Ian Robinson

Personal information
- Born: 12 September 1952 (age 73) York, England

Sport
- Country: England

Men's singles
- Highest ranking: No. 19 (January 1982)

Medal record
Men's squash
Representing Great Britain
World Team Championships
| Gold medal – first place | 1976 Birmingham | Team |
Representing England
European Team Championships
| Gold medal – first place | 1975 Dublin | Team |
| Gold medal – first place | 1976 Brussels | Team |
| Gold medal – first place | 1977 Sheffield | Team |
| Gold medal – first place | 1978 Amsterdam | Team |
| Gold medal – first place | 1979 Hamburg | Team |
| Gold medal – first place | 1982 Cardiff | Team |

= Ian Robinson (squash player) =

English squash player

Ian Robinson (born 12 September 1952) is a former English professional squash player.

== Biography ==
Robinson was born in York on 12 September 1952 and lives in Liphook, Hampshire.

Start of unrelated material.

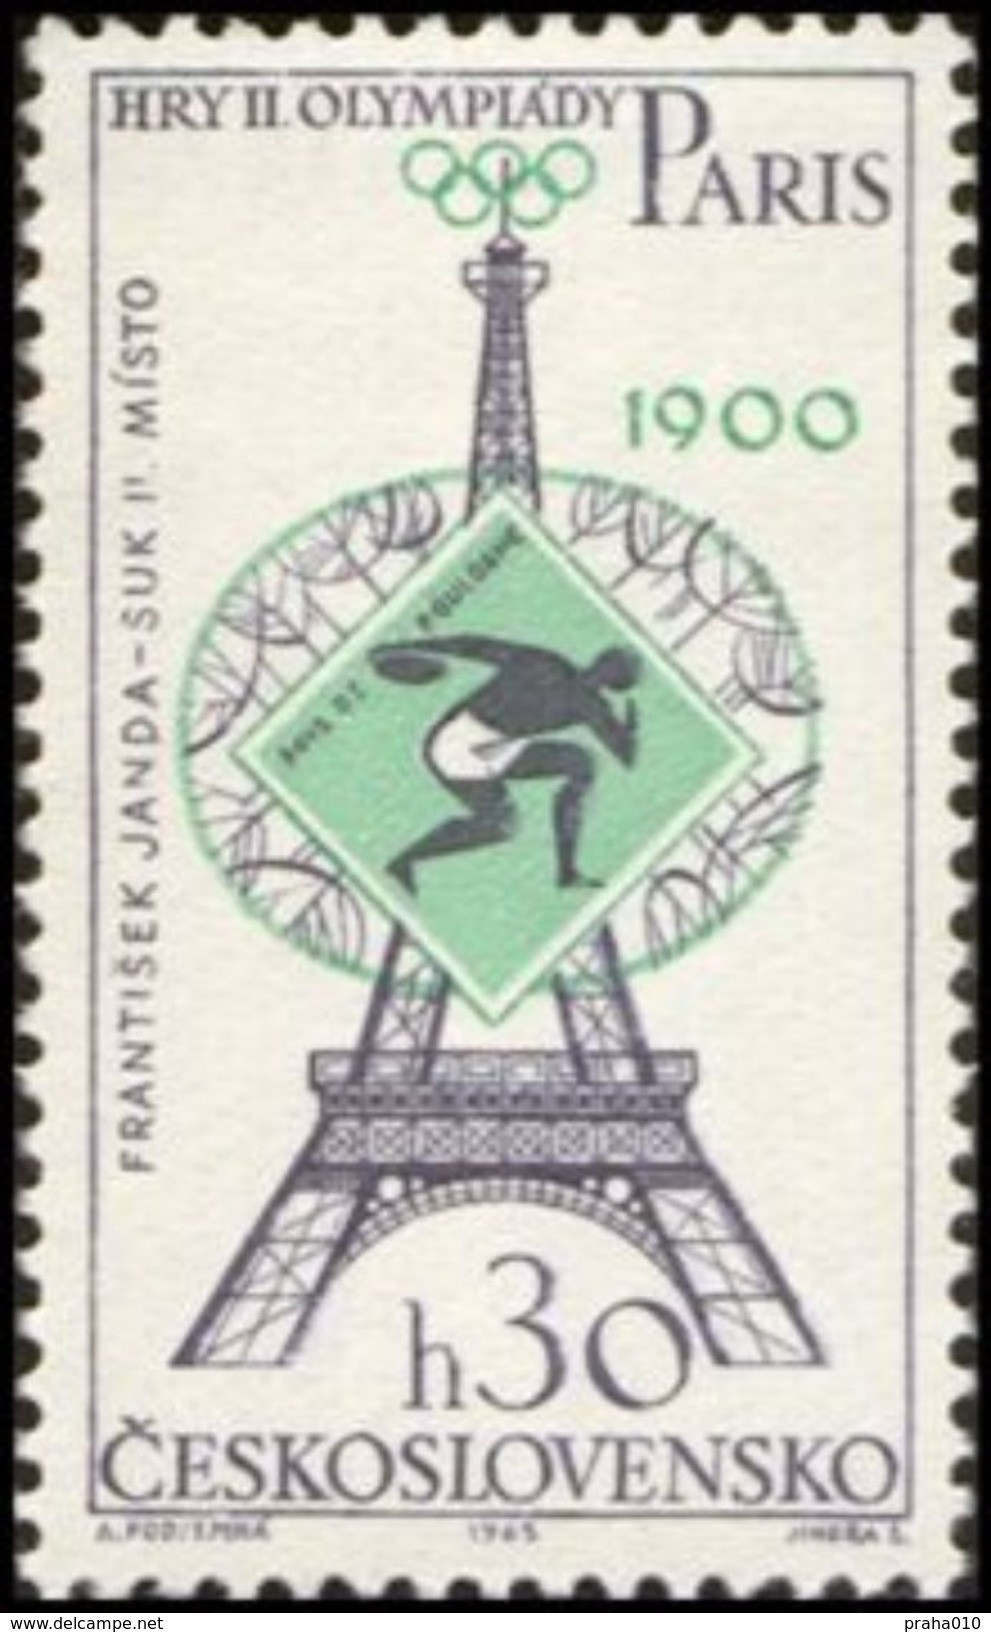 Czechoslovakia / Stamps (1965) 1429: Olympic Games 1900 Paris, F. Janda-Suk (discus Throw); Painter: Anna Podzemna - Summer 1900: Paris

He first played squash in 1961 at St Peters School, York and was champion of Yorkshire eight times.

He represented Great Britain during the 1976, 1977 & 1981 World Team Squash Championships and his finest success came at the 1976 Men's World Team Squash Championships, when he helped Great Britain become world champions with Jonathan Leslie, Stuart Courtney and Philip Ayton.

Robinson won six gold medals for the England men's national squash team at the European Squash Team Championships in 1975, 1976, 1977, 1978, 1979 and 1982.